* **Your goal**
Your task is to copy the lines from the line containing "kindergarten smiles sight" through the end of the listing below, both included, without any pictures.

* **Exercise data**
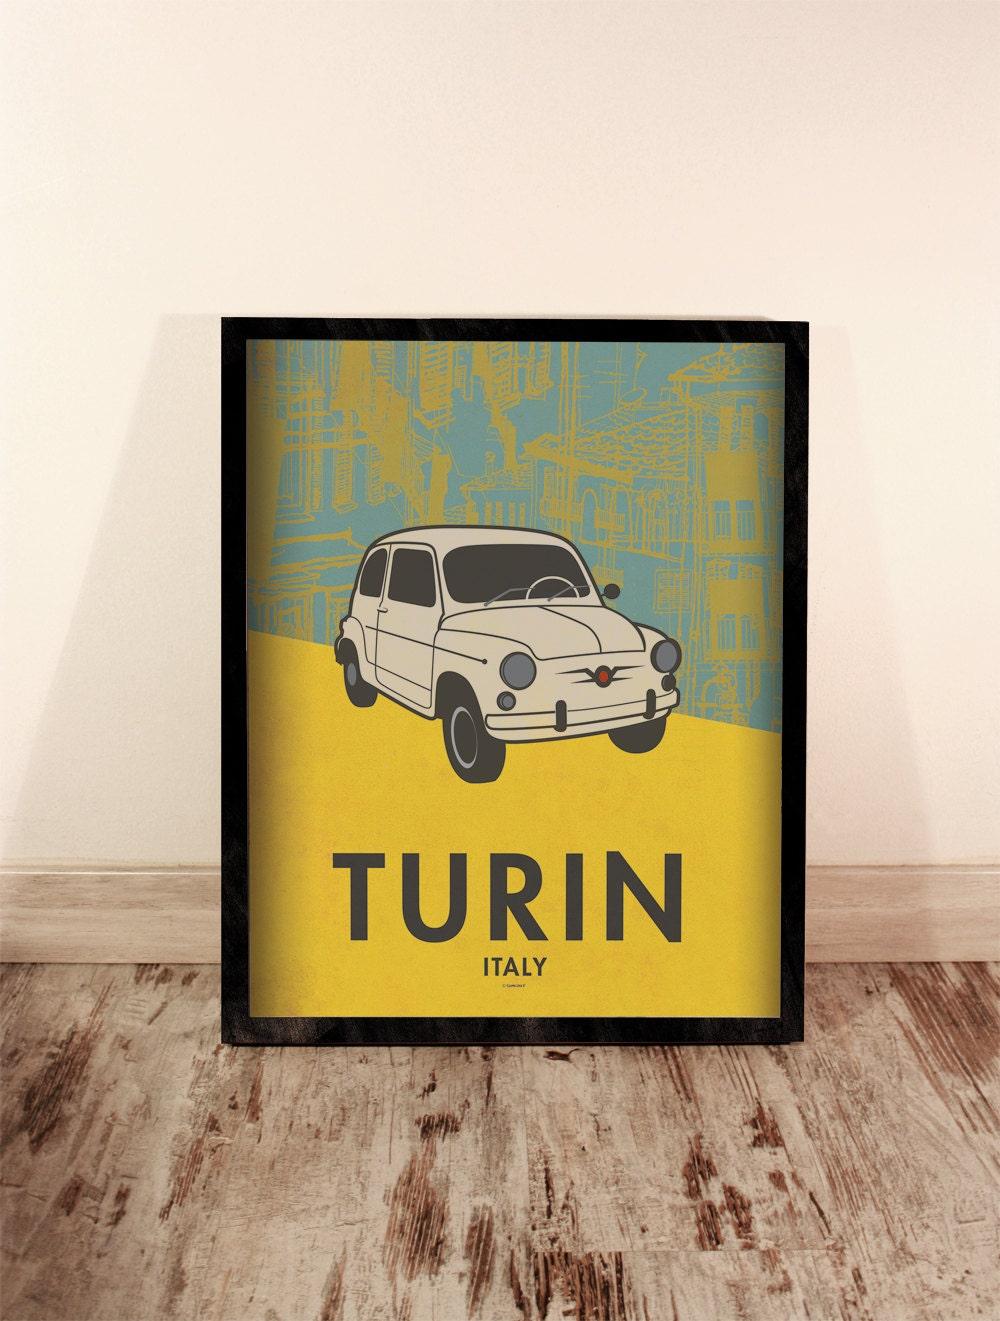 Turin Print Italy Cityscape Car Poster Home Decor Wall Decor Art Typography Art Digital Print City Travel 15 75x19 69 Inch
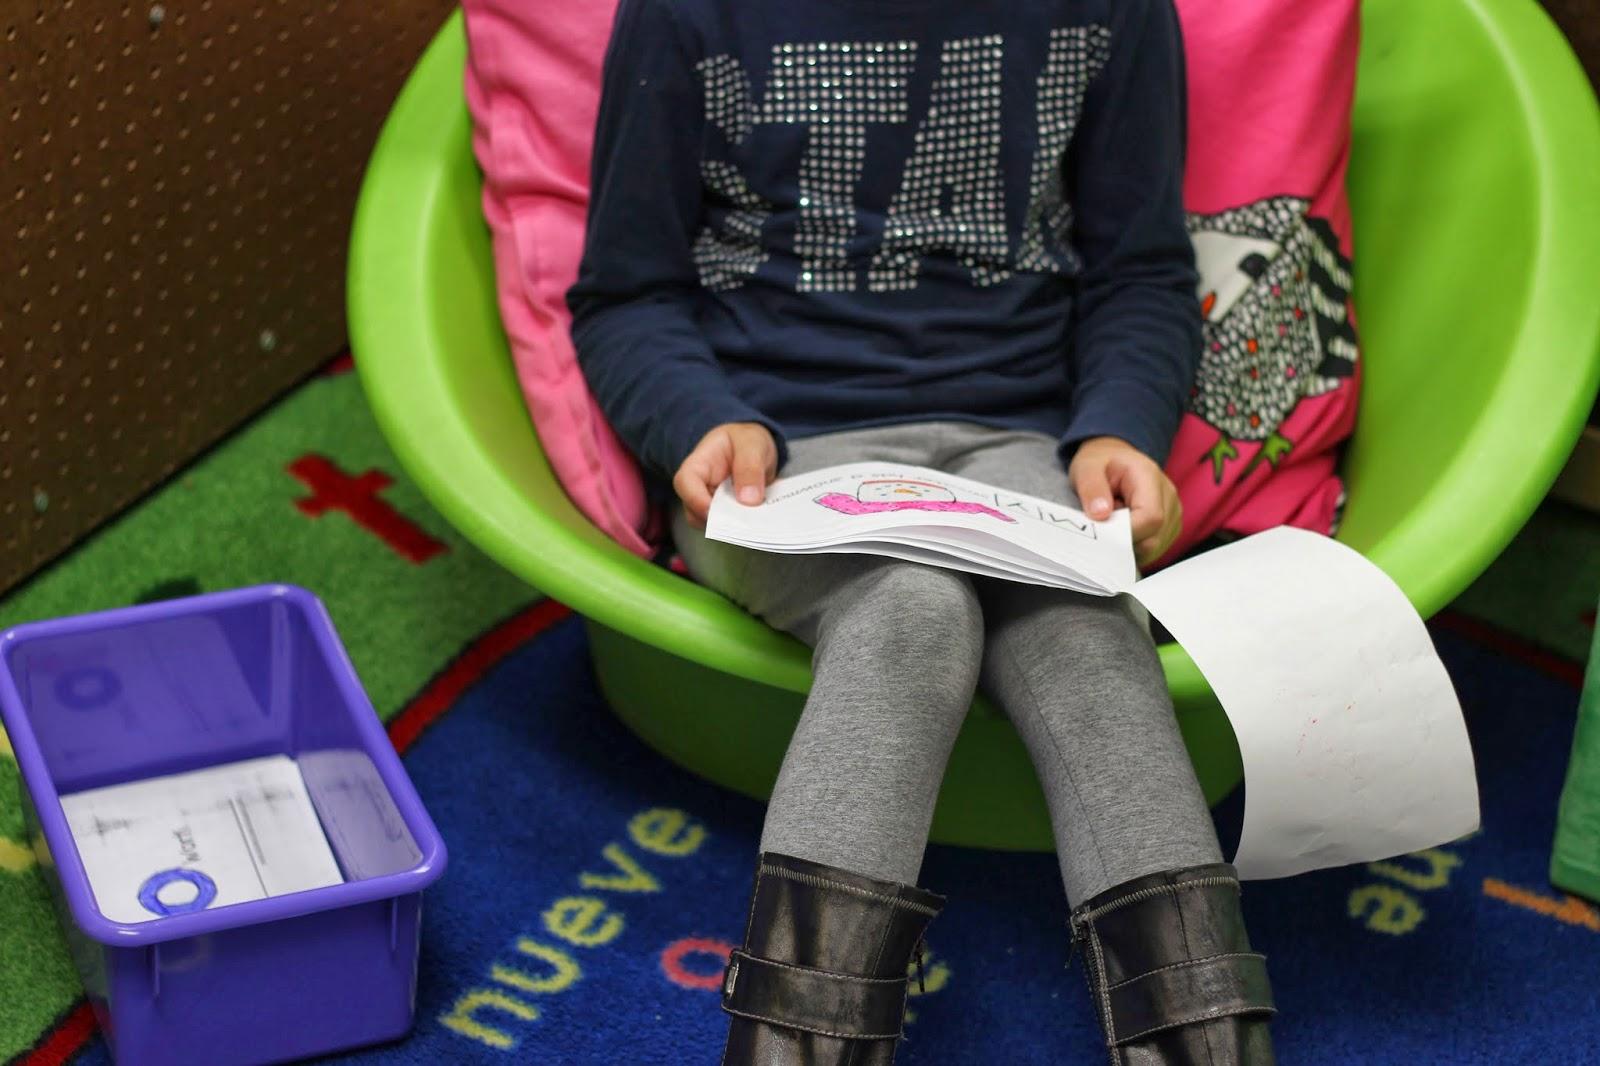 kindergarten smiles sight words in kindergarten and a. Black Bedroom Furniture Sets. Home Design Ideas
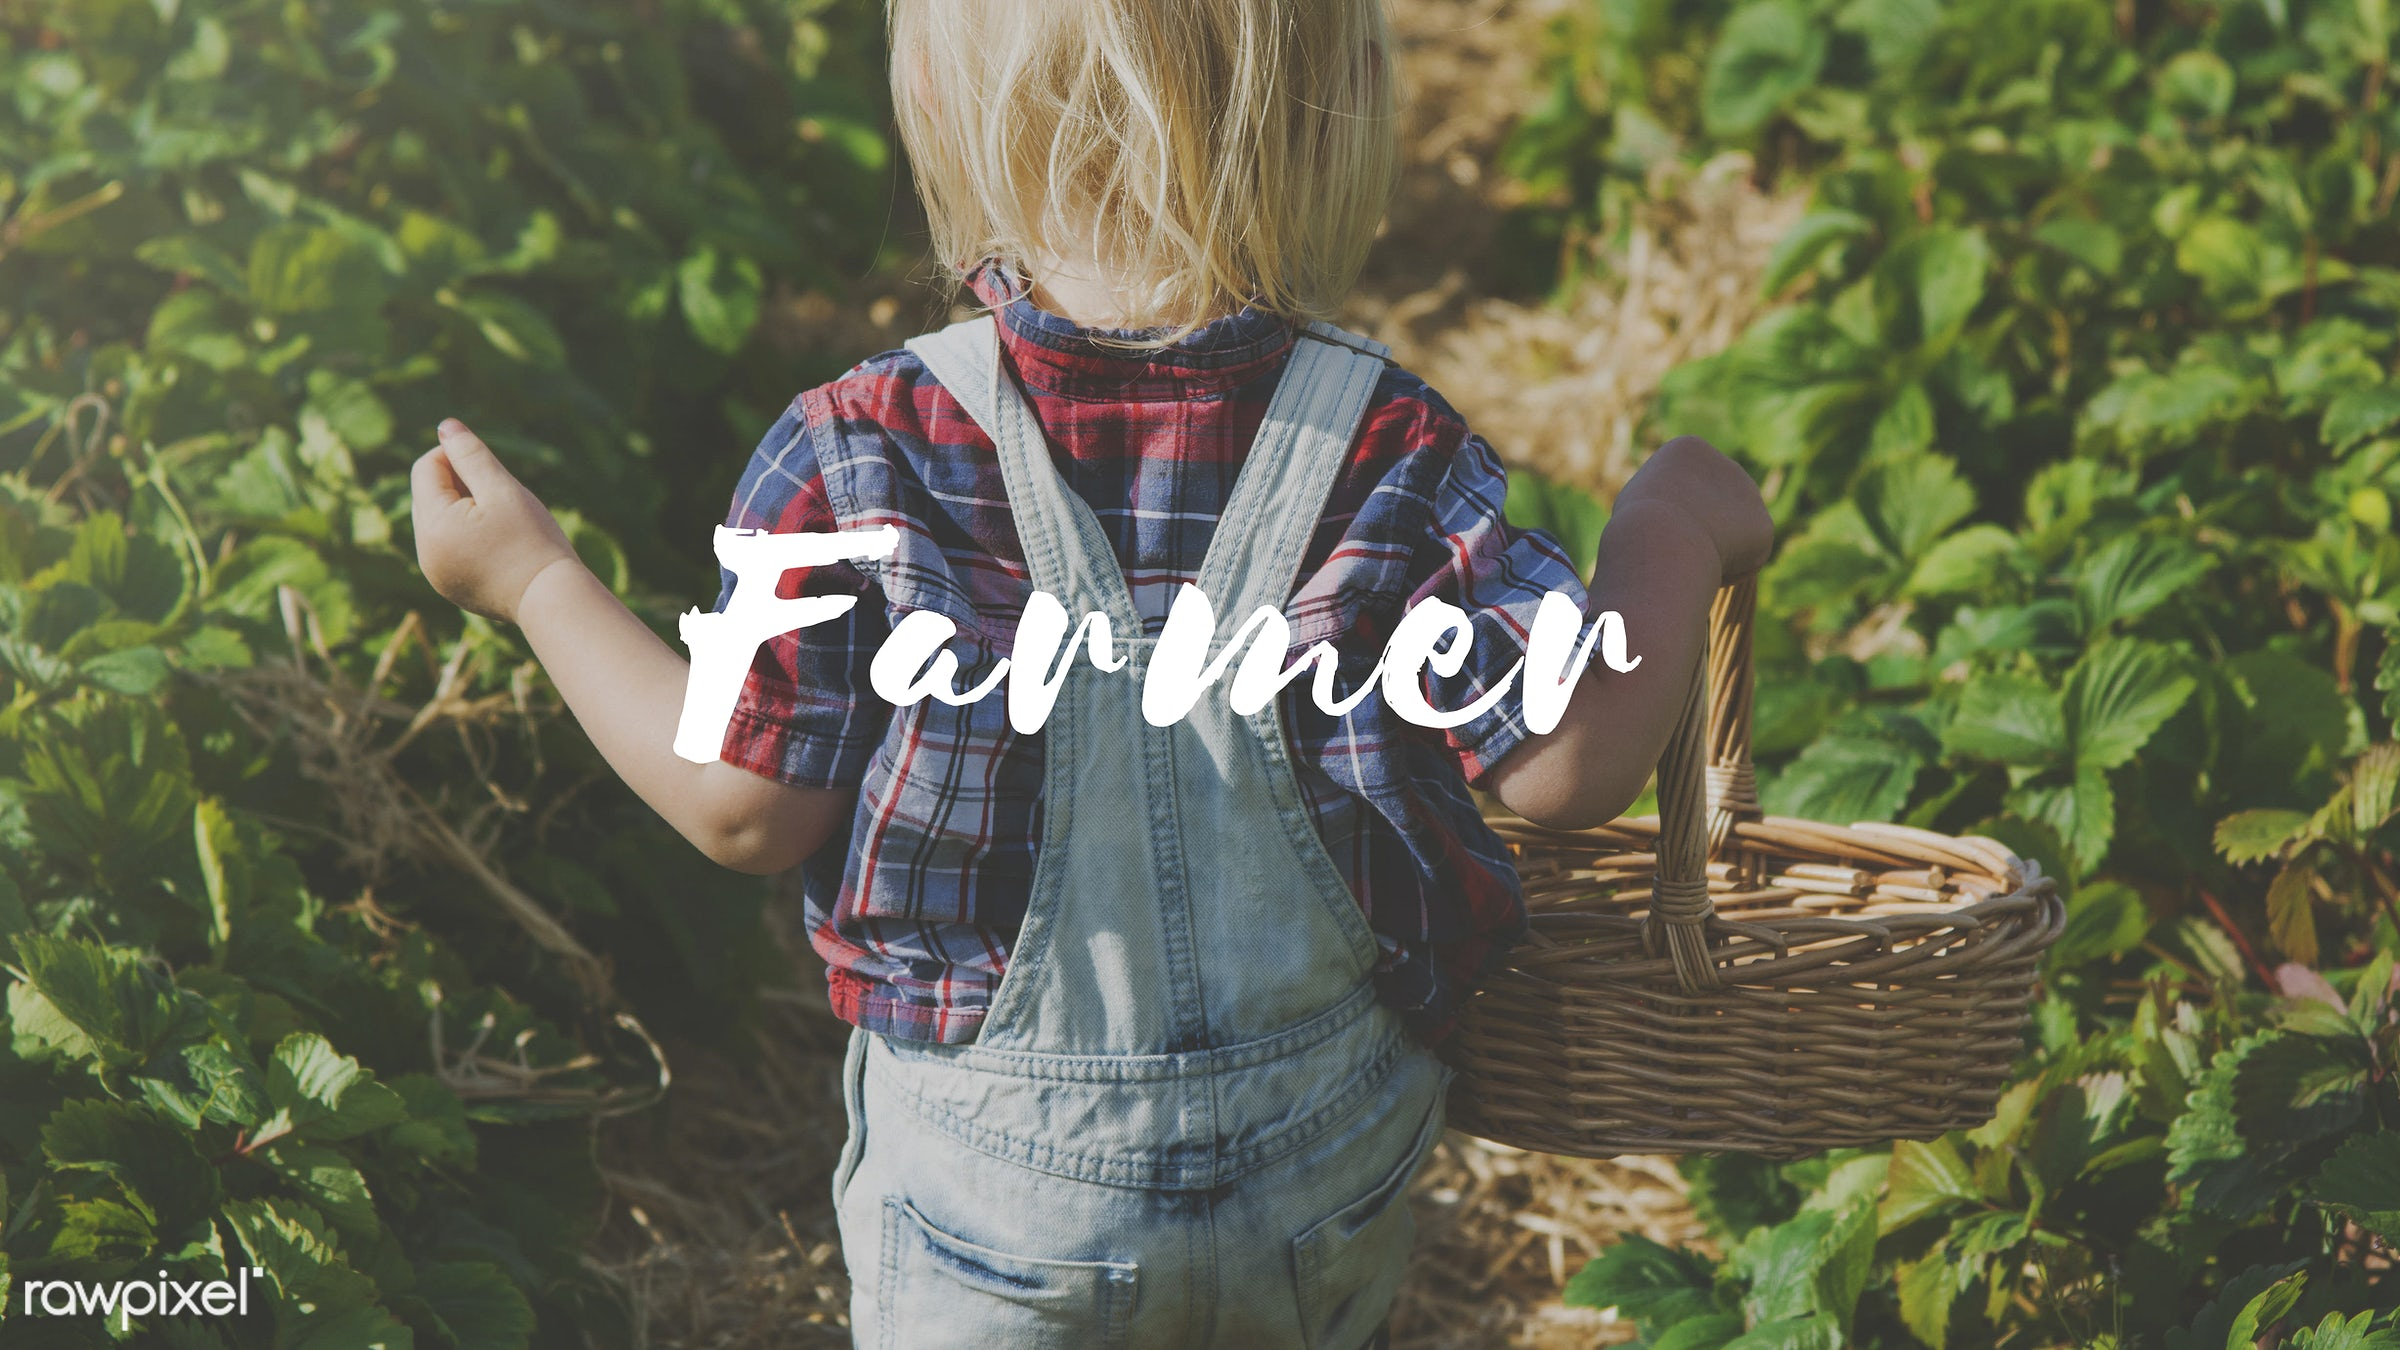 agriculture, basket, blonde, boy, caucasian, country, crops, cultivation, dungarees, farm, farmer, farming, food, fruit, fun...

* **Response box**
 kindergarten smiles sight words in kindergarten and a. Black Bedroom Furniture Sets. Home Design Ideas
 agriculture, basket, blonde, boy, caucasian, country, crops, cultivation, dungarees, farm, farmer, farming, food, fruit, fun...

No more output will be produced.